Воплощением норманизма для него стал ленинградский археолог Лев Клейн. С ним-то Авдусин и вел борьбу, отягощенную тем, что никак не мог взять в толк, почему Клейн сперва лезет на его Смоленщину, а потом ездит в Швецию. На эту тему он даже сочинил письмо в соответствующее министерство, объясняя, что такая поездка за границу, «тем более — в гнездо зарубежного норманизма — Швецию, послужит не на пользу, а во вред советской исторической науке. Она может лишь упрочить позиции зарубежных норманистов, всегда тесно связанных с антисоветчиками». Для непонятливых он пояснял: «Позиция группы Клейн-Лебедев-Булкин представляется мне противоречащей марксизму-ленинизму, антипатриотической». Это был семьдесят четвертый год, но соответствующее министерство такую важную информацию почему-то оставило без внимания. Группа Клейна ликовала и составила свою песню:
Не та, не та теперь эпоха!
Как про норманнов ни толкуй,
Врагам твоим не будет плохо —
На твой донос положат… крест.
Вместо «креста», естественно, в рифму выходило совершенно другое слово, но тогдашняя научная этика требовала его прозрачно замаскировать.
Клейн был не только ленинградец и норманист, но и еврей. Словно этого было мало, в восемьдесят первом году его осудили за «мужеложство» и посадили. Но через год полностью оправдали. И зэки, сидевшие с ним в одной камере, его тоже оправдали, изучив папку принесенных им в камеру документов. Оправдали и доверили раздачу пайки! Это было уникальное событие. А про норманизм зэки ничего не слышали.

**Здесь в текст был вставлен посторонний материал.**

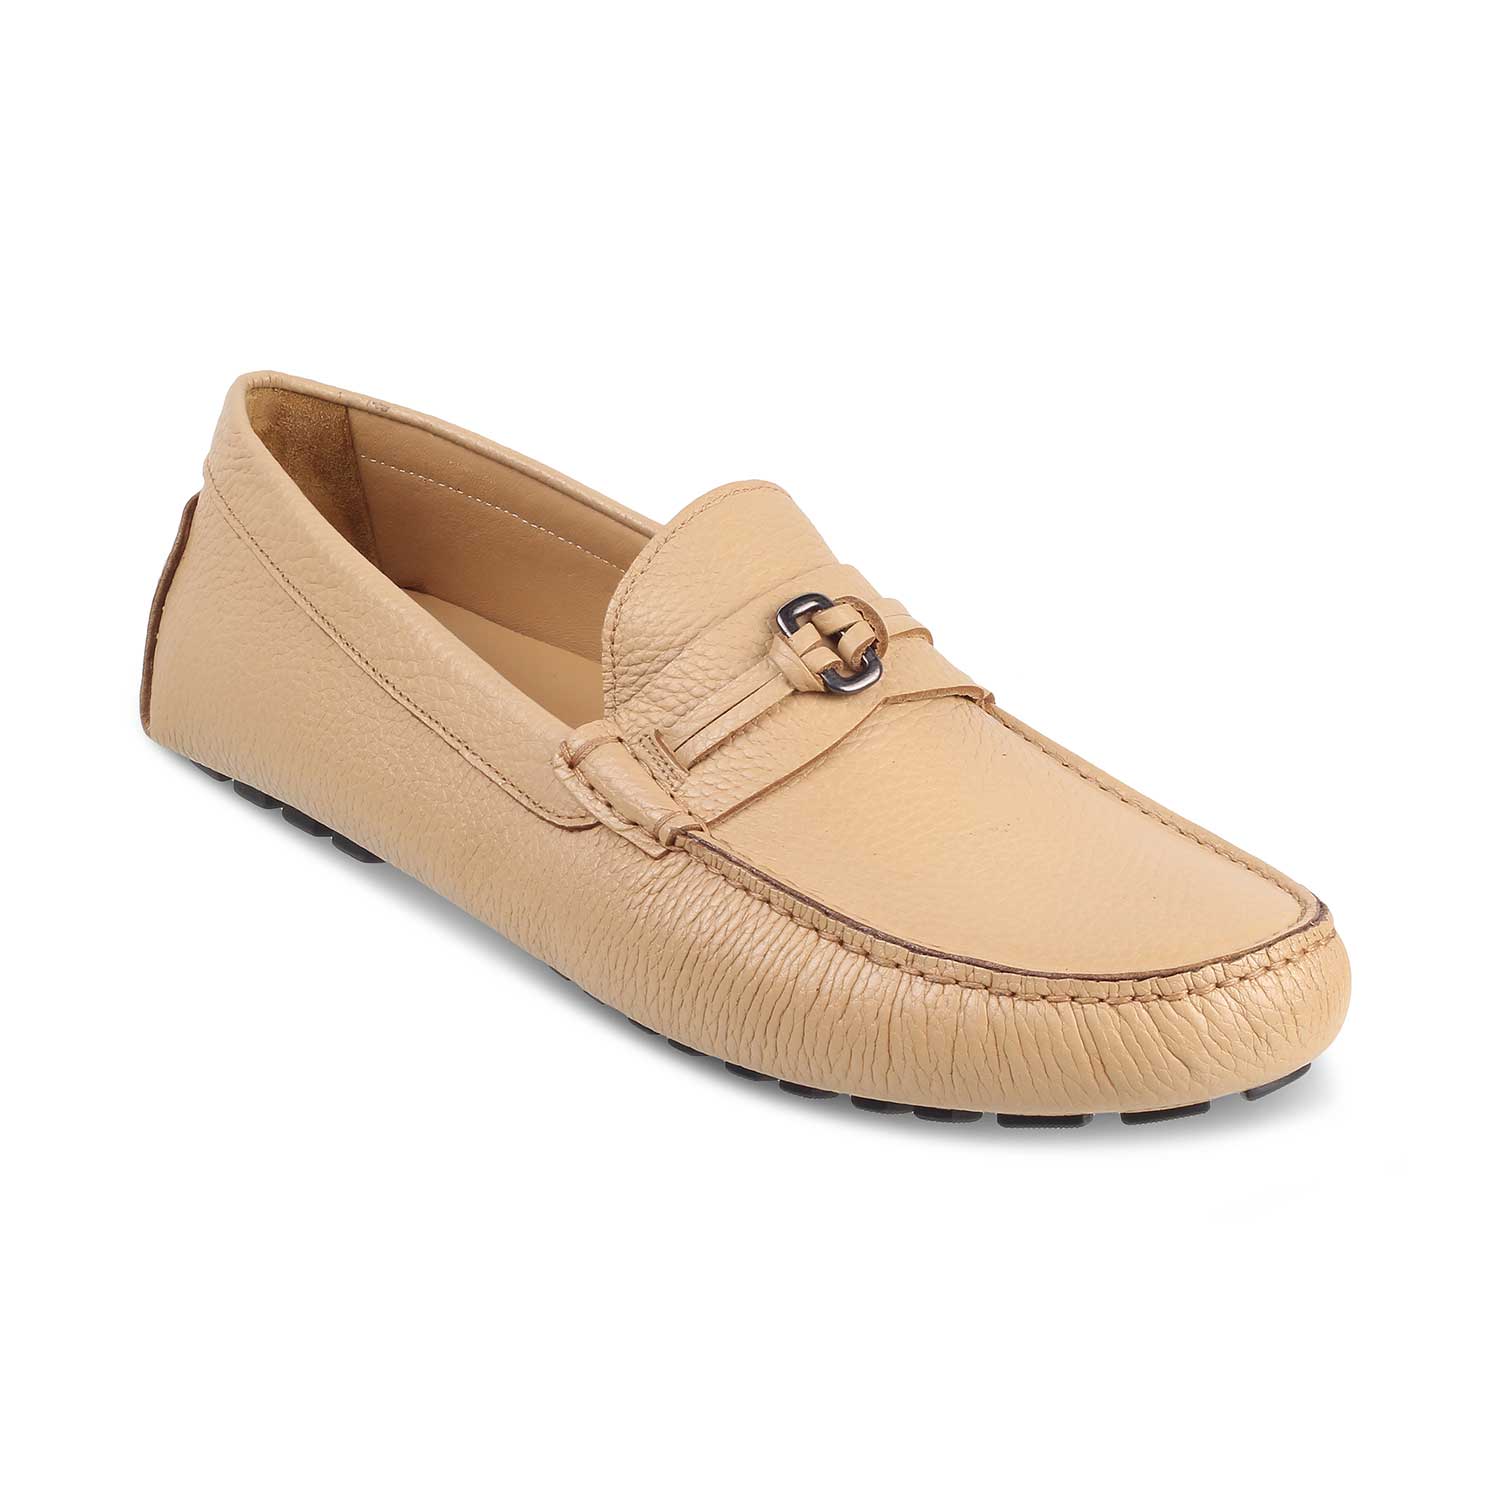 Tresmode-The Yacht Tan Men's Handcrafted Leather Driving Loafers Tresmode-Tresmode
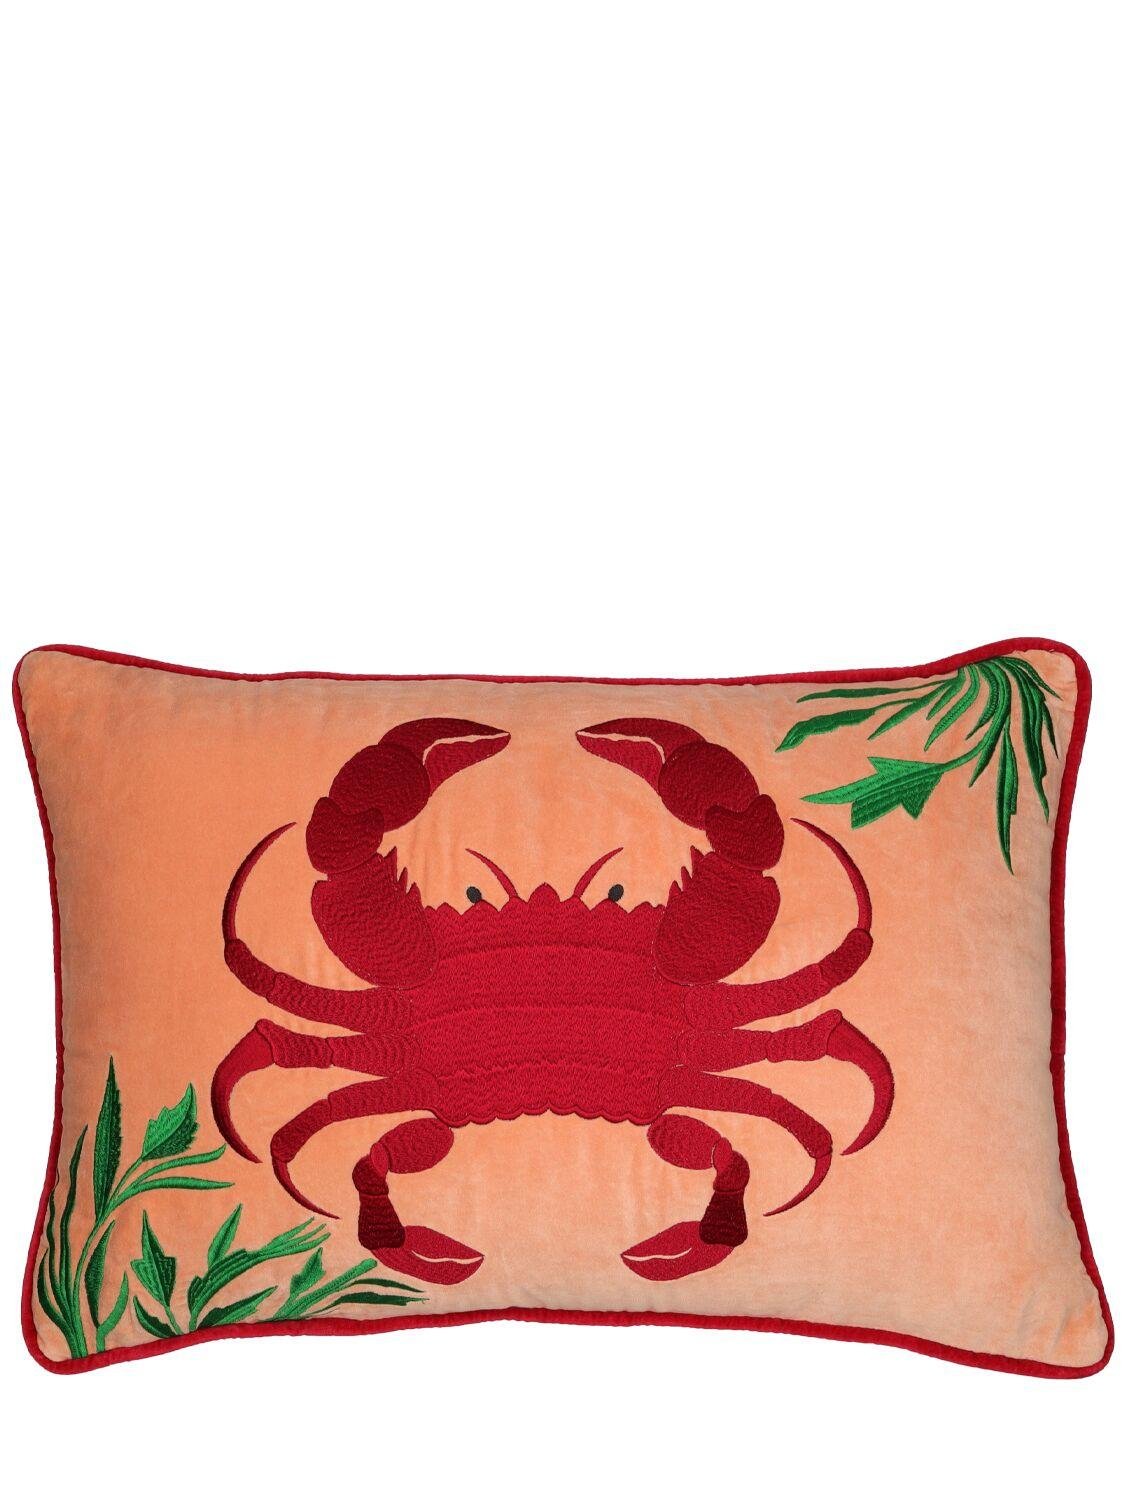 Hand-embroidered Cotton Velvet Cushion by LES OTTOMANS

Тогда, на раскопе, Нам тоже про норманизм не особо задумывался. Он решил, что на Авдусина действует общая студенческая атмосфера любви, вот он и перешел от военной тематики к романтическому шансону.
Вокруг действительно царило любовное томление. Не только в воздухе, напоенном травами и цветами. Даже земля, стоило воткнуть в нее лопату, не говоря о кирке, источала нечто сладкое и волнительное, особенно, если рядом стояла и двигалась однокурсница в купальнике. Потому что была жара, и почти все однокурсницы были именно в купальниках. Ну или сверху в купальниках, а снизу в шортиках. В те времена еще считалось, что ходить в сланцах (они же вьетнамки) на людях несколько неприлично, и поэтому девушки щеголяли в сандалиях, что, безусловно, добавляло им загадочности и даже, буквально, возвышенности.
Отношения завязывались и развязывались головокружительные.
Куда бы Нам ни пошел, везде он видел нежные взгляды, танцы и ритуалы, неожиданную интеллектуальную дерзость, и везде он кому-то мешал кем-то другим любоваться.
Сам он сначала присматривался, наблюдал жизнь в ее полуобнаженности, свойственной коммунальному быту.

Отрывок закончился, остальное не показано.